- [Given information]

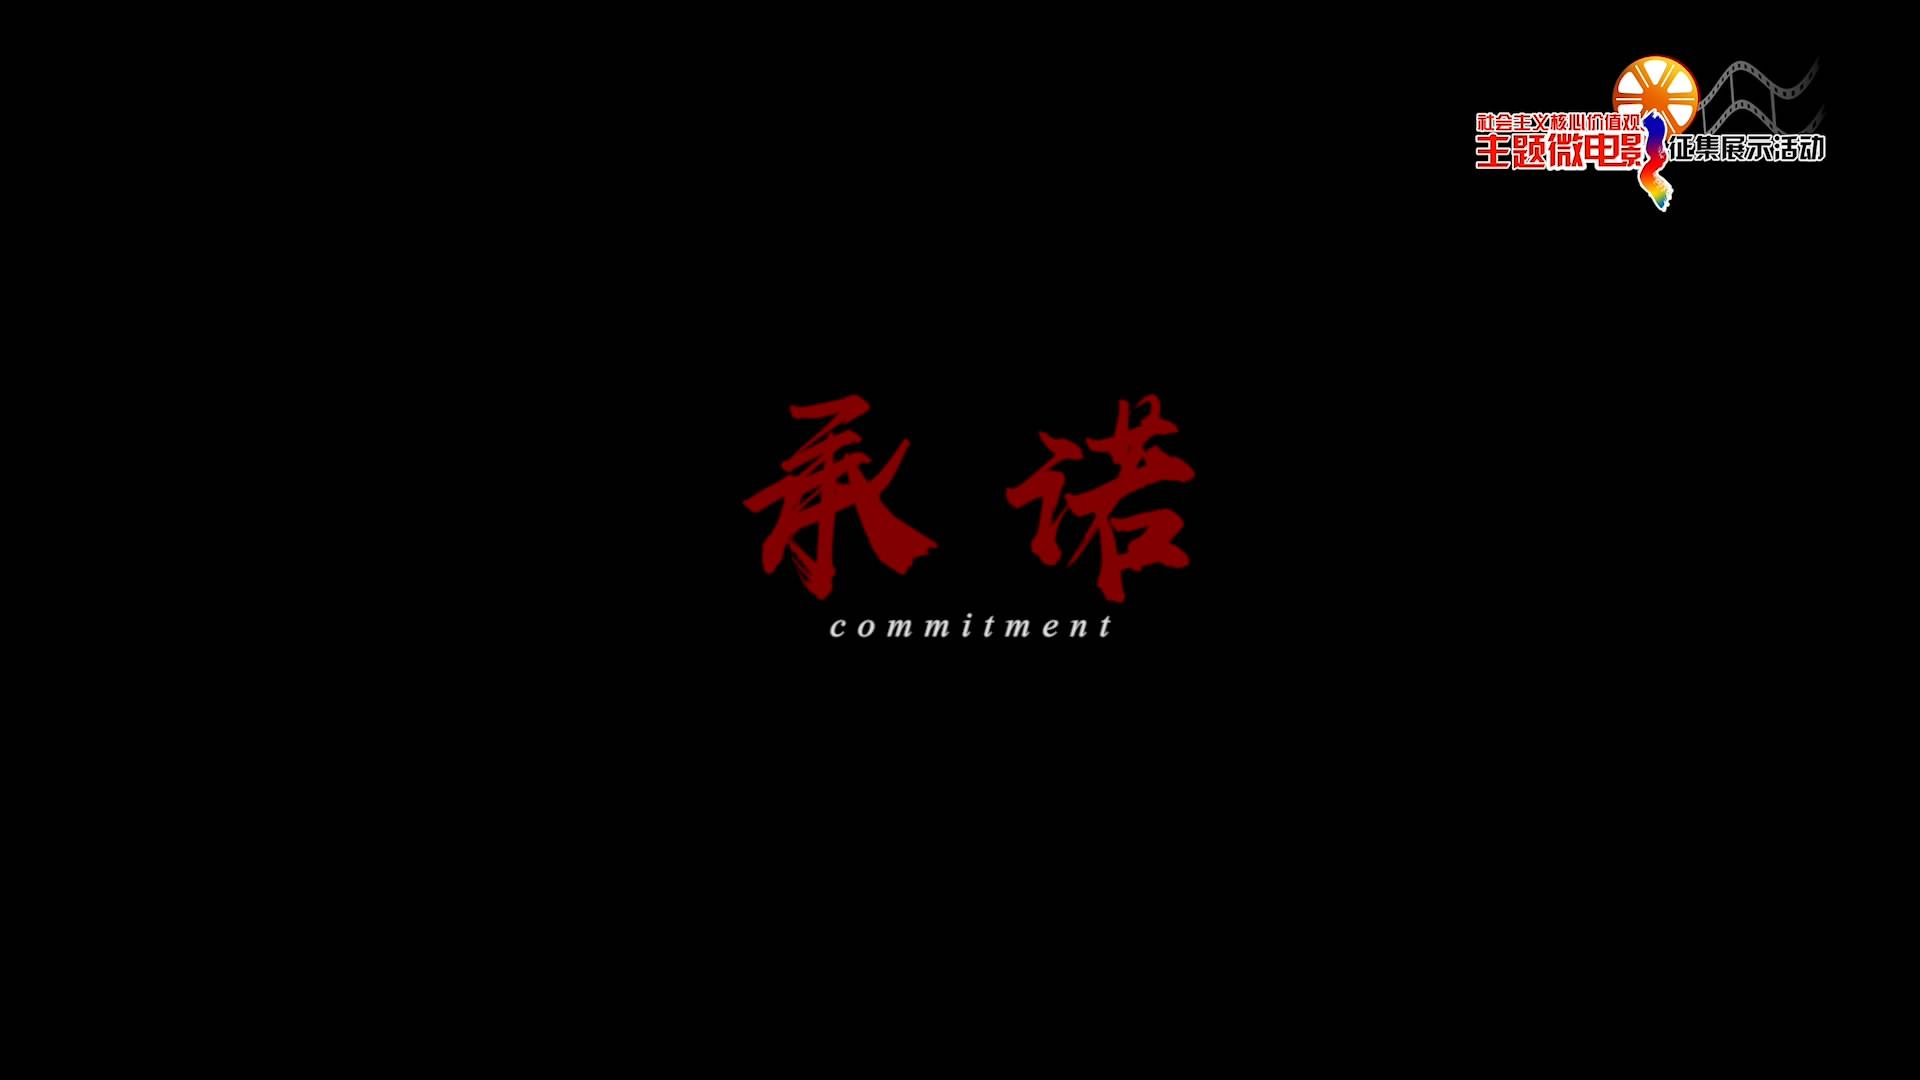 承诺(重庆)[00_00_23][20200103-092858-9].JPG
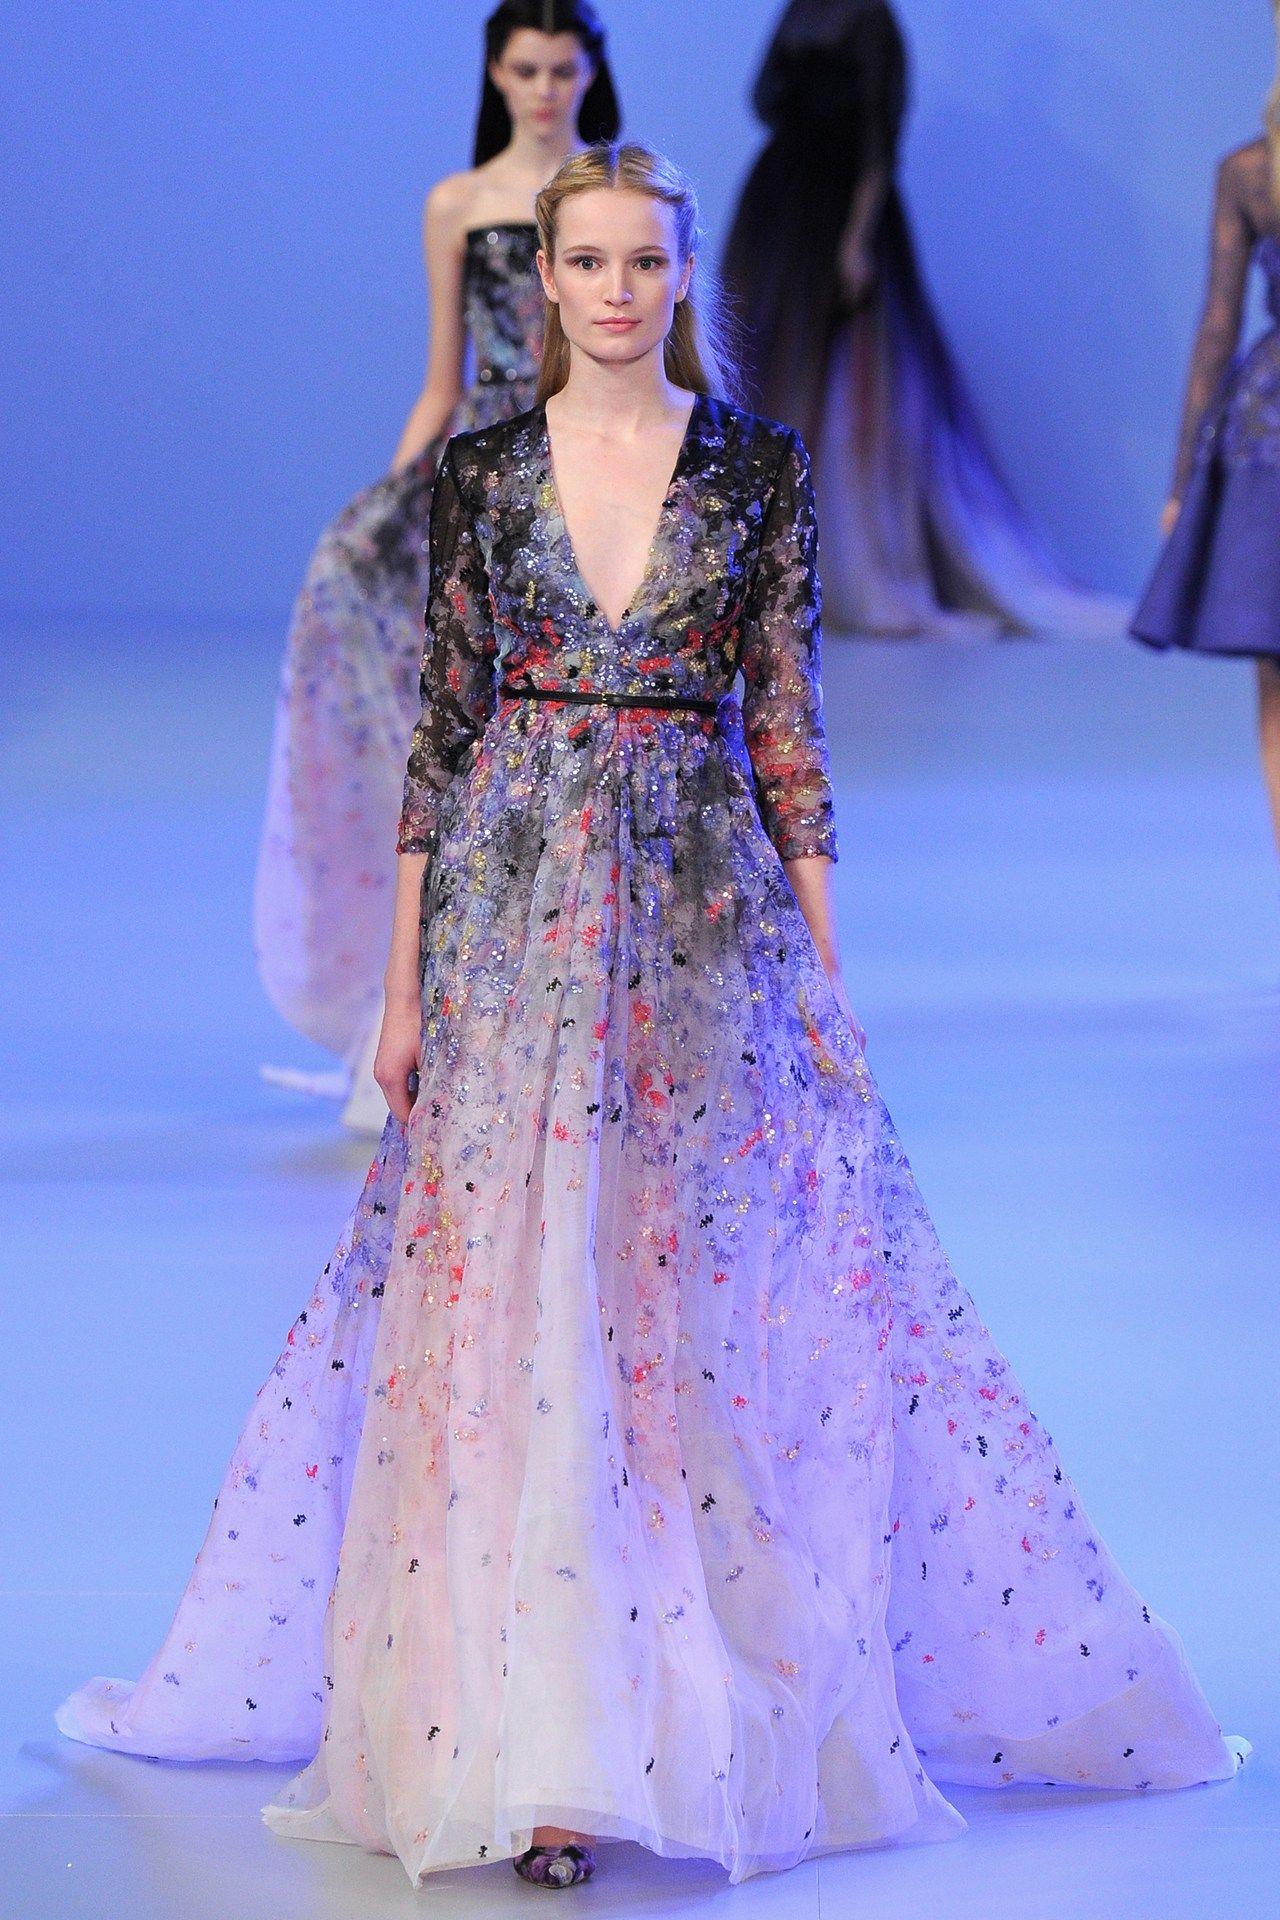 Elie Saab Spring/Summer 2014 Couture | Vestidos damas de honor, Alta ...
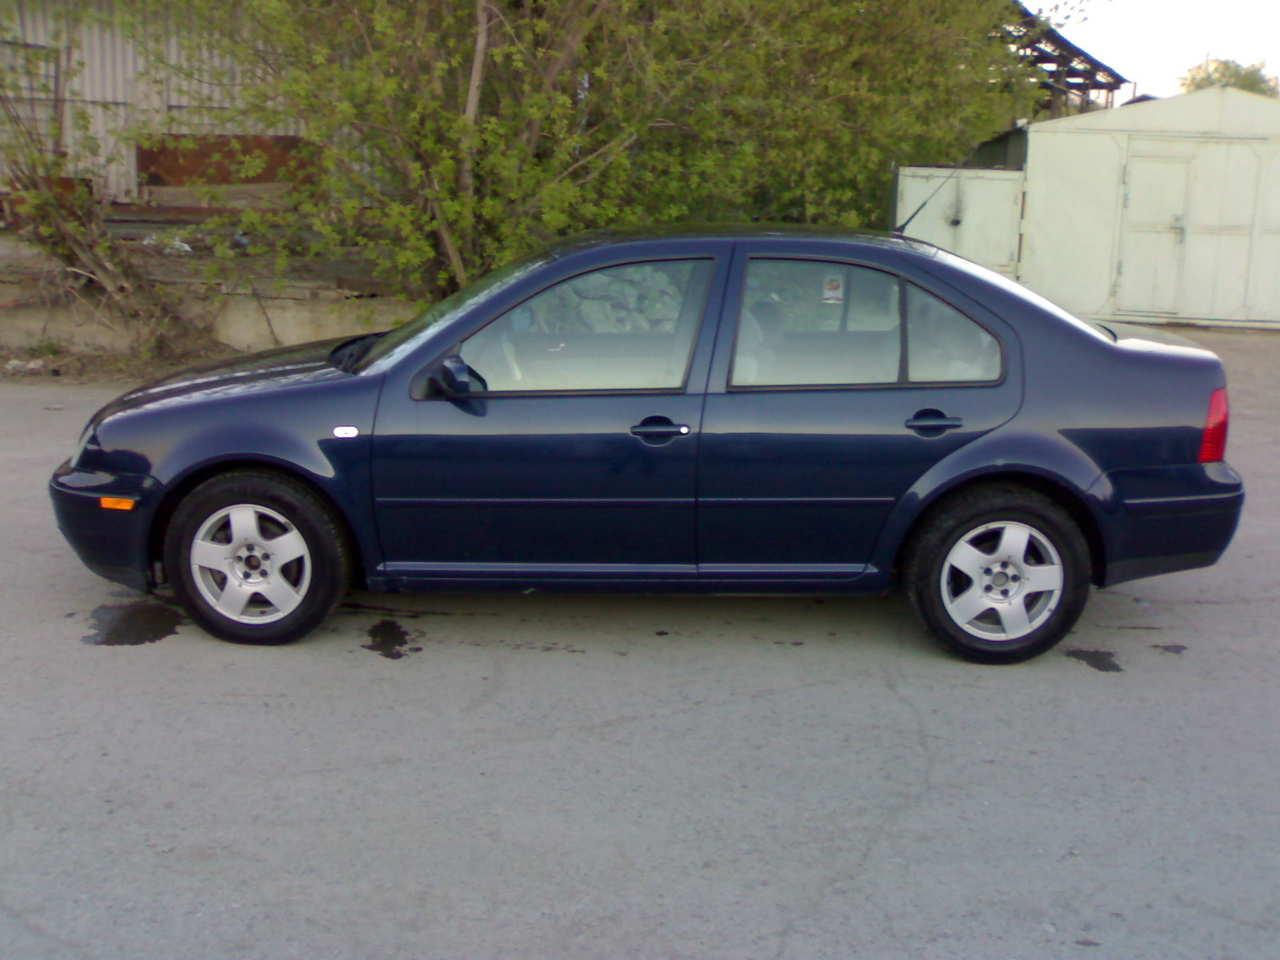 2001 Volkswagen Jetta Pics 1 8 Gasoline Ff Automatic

- [Instructions to follow] In your copy of the data above, leave out the pictures and repeat everything else exactly.

- [Exercise output]
 承诺(重庆)[00_00_23][20200103-092858-9].JPG
 Elie Saab Spring/Summer 2014 Couture | Vestidos damas de honor, Alta ...
 2001 Volkswagen Jetta Pics 1 8 Gasoline Ff Automatic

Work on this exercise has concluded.